Required action ▸
Reproduce the listing in full. Omit the pictures.

Dataset section ▸
━━━━━━━━━━
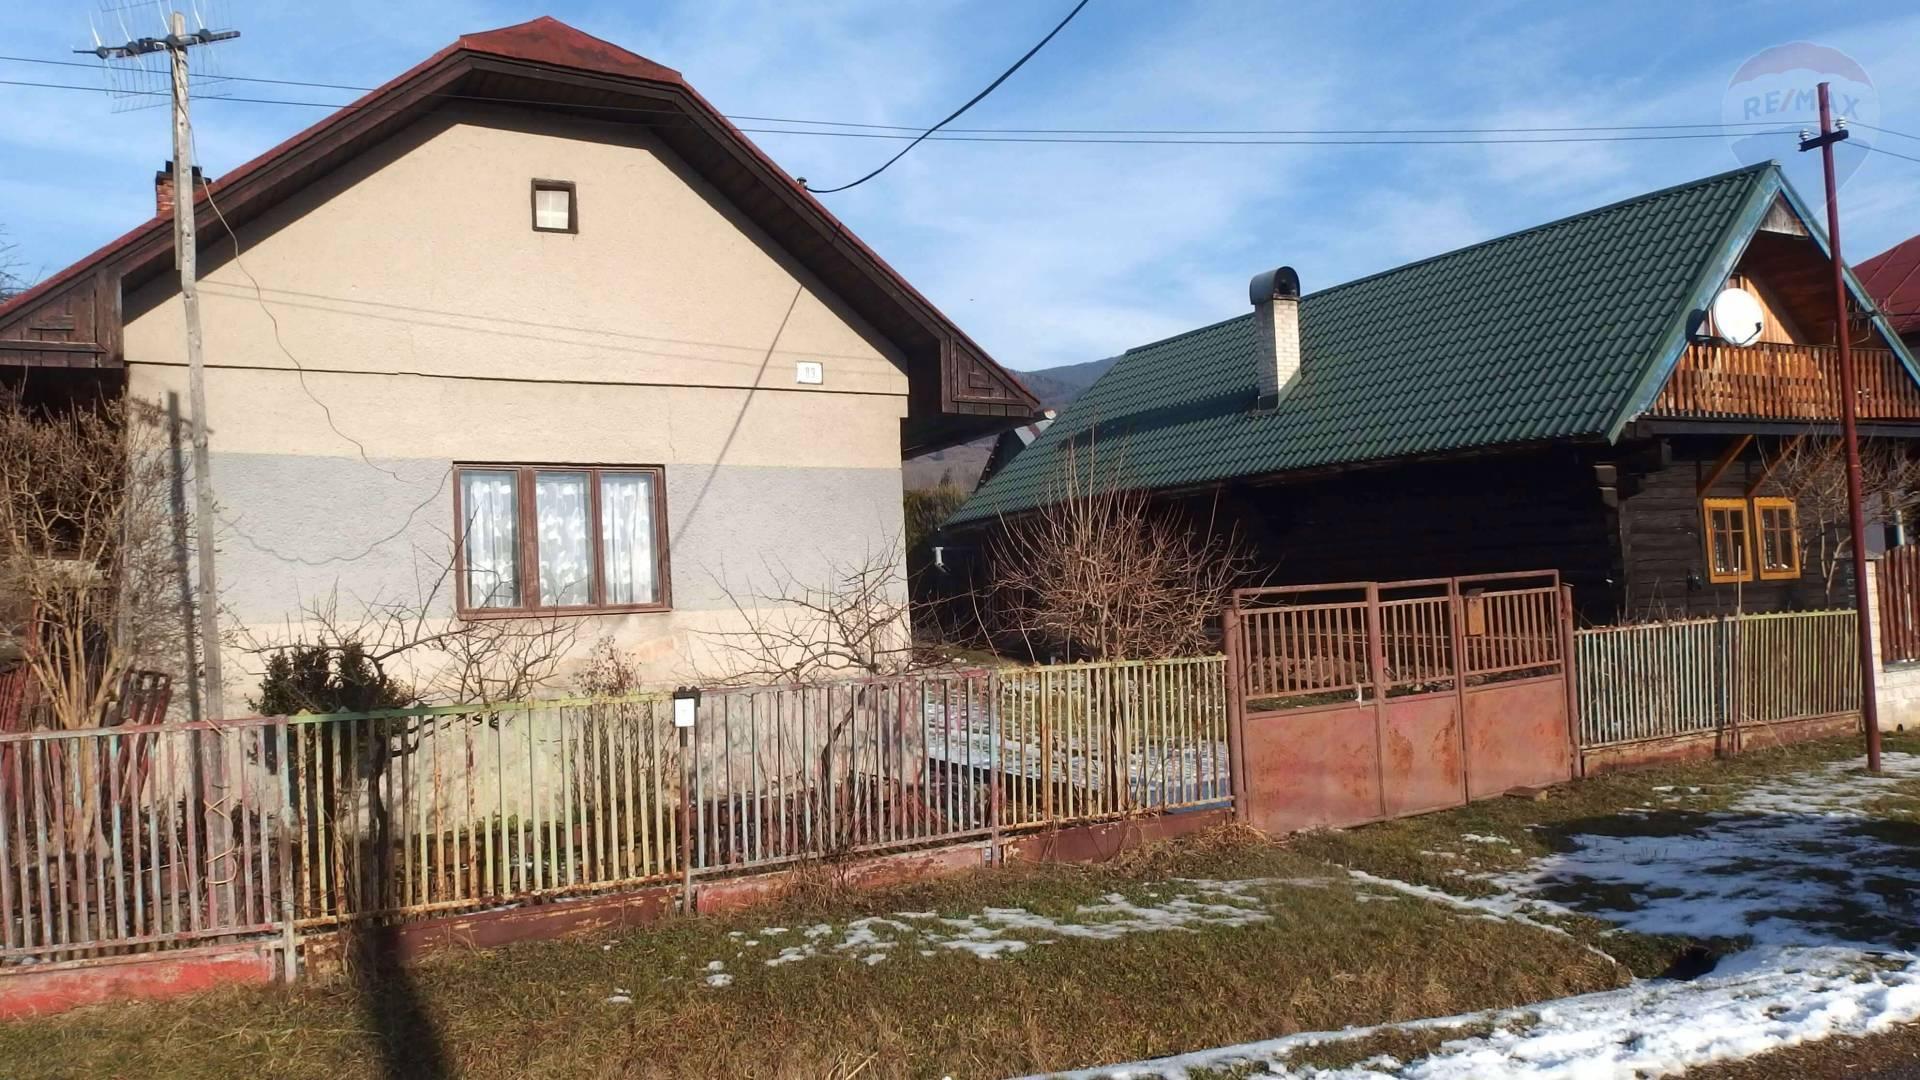 Predaj chaty 67 m2, Braväcovo - Predaj: Chalupa alebo trvalé bývanie, Brezno - Braväcovo
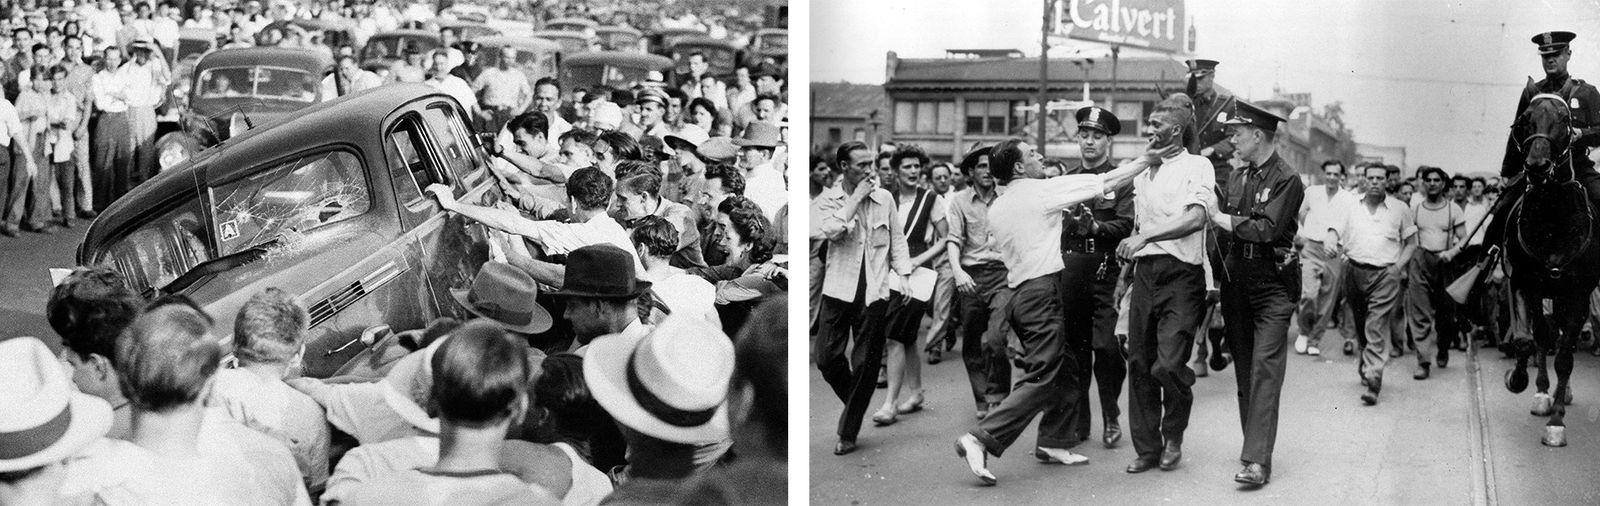 Esquerda: No dia 21 de junho de 1943, uma multidão de brancos revoltou-se e provocou distúrbios. ...
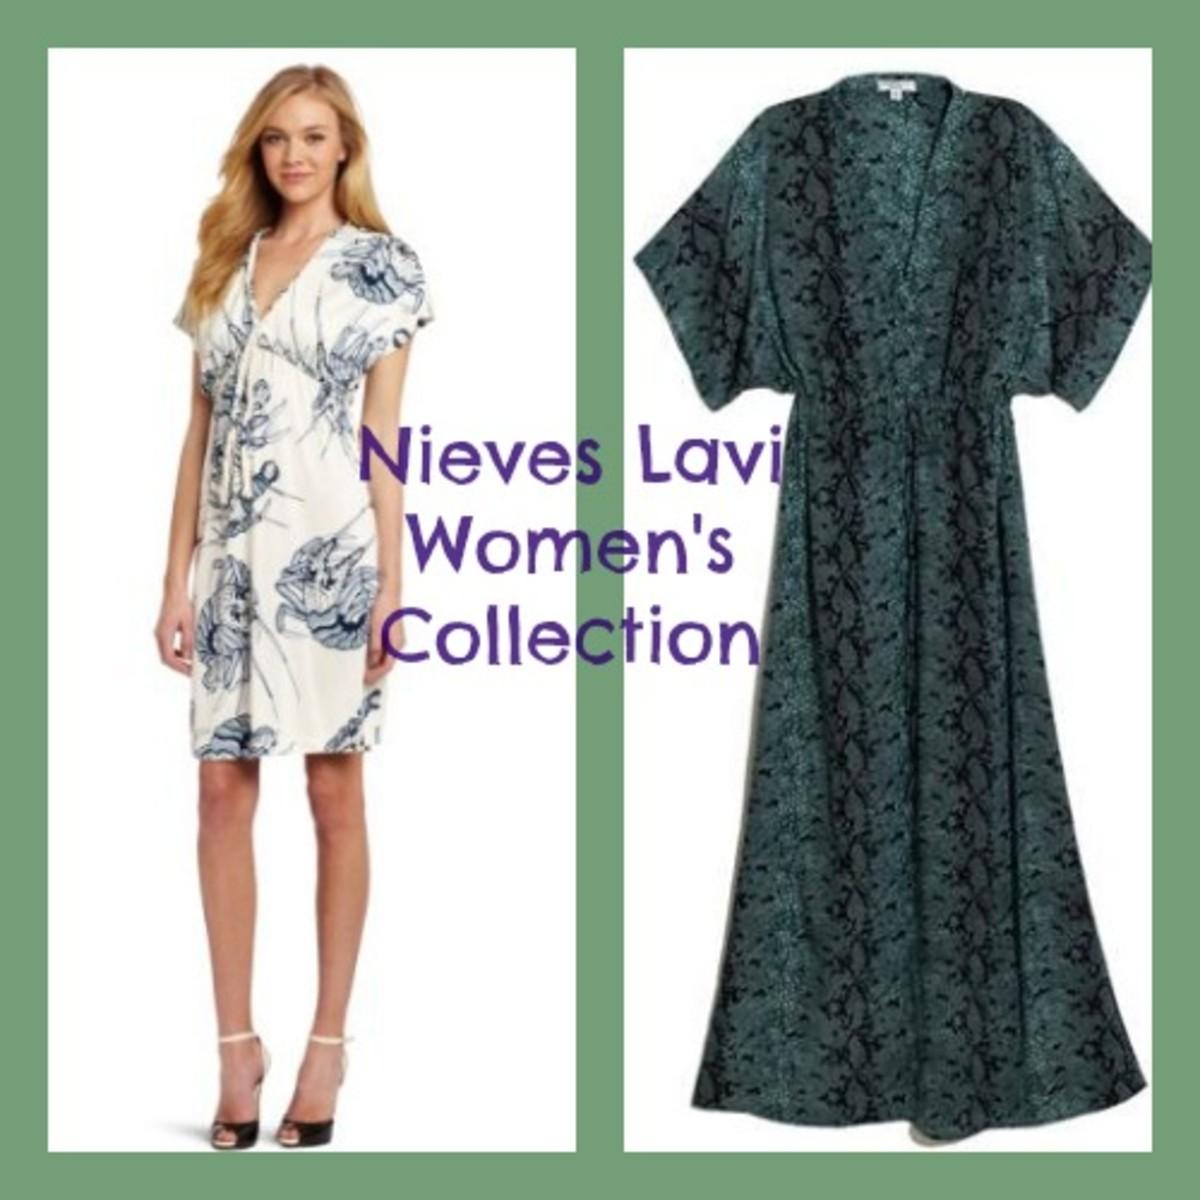 Nieves Lavi Fashions
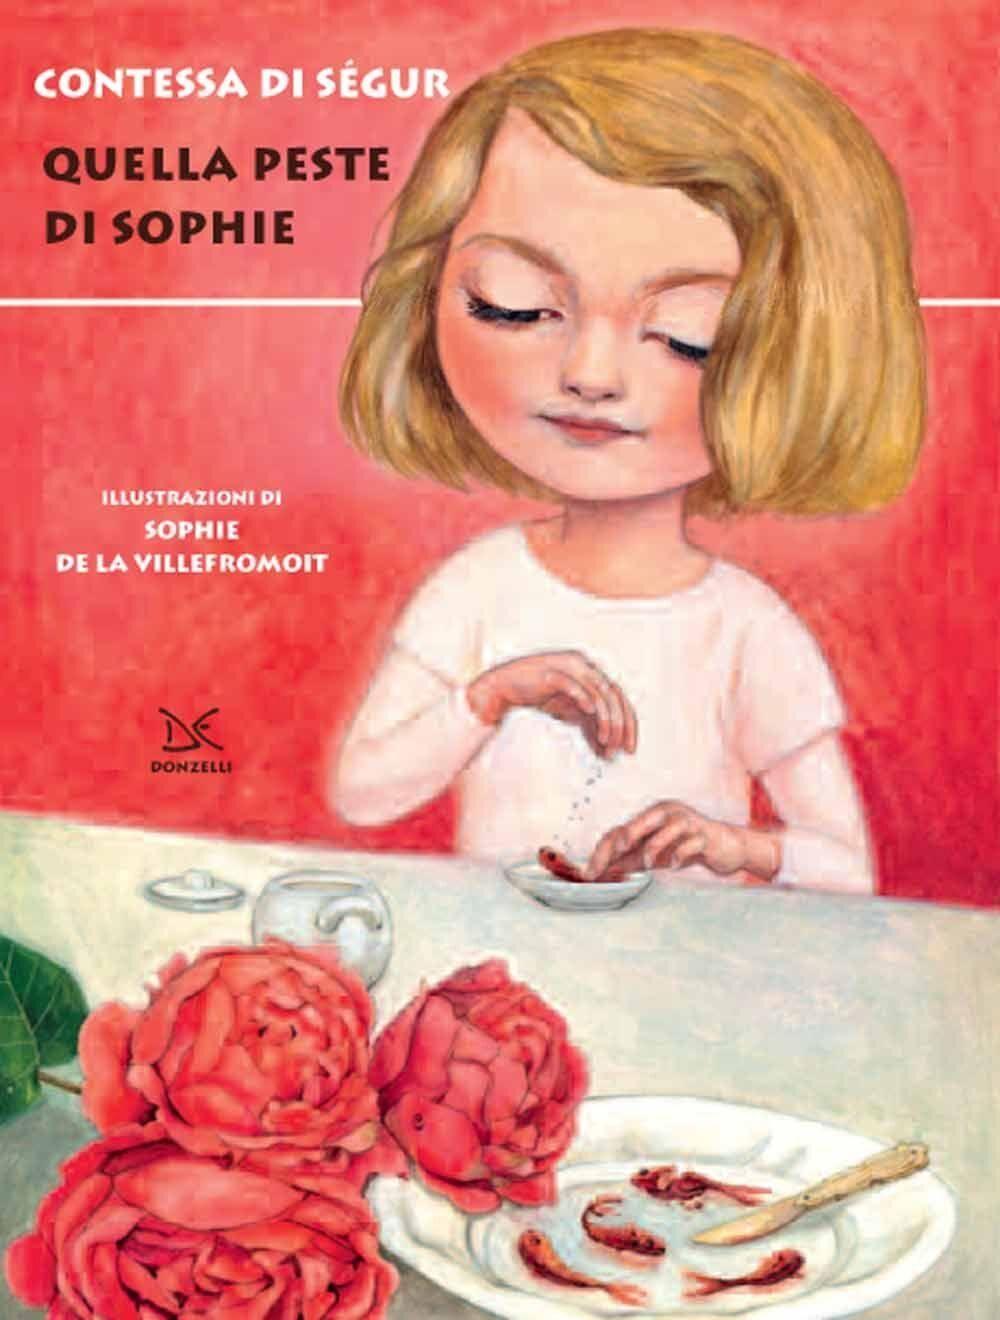 Quella peste di Sophie
━━━━━━━━━━
Response to the task ▸
 Predaj chaty 67 m2, Braväcovo - Predaj: Chalupa alebo trvalé bývanie, Brezno - Braväcovo
 Esquerda: No dia 21 de junho de 1943, uma multidão de brancos revoltou-se e provocou distúrbios. ...
 Nieves Lavi Fashions
 Quella peste di Sophie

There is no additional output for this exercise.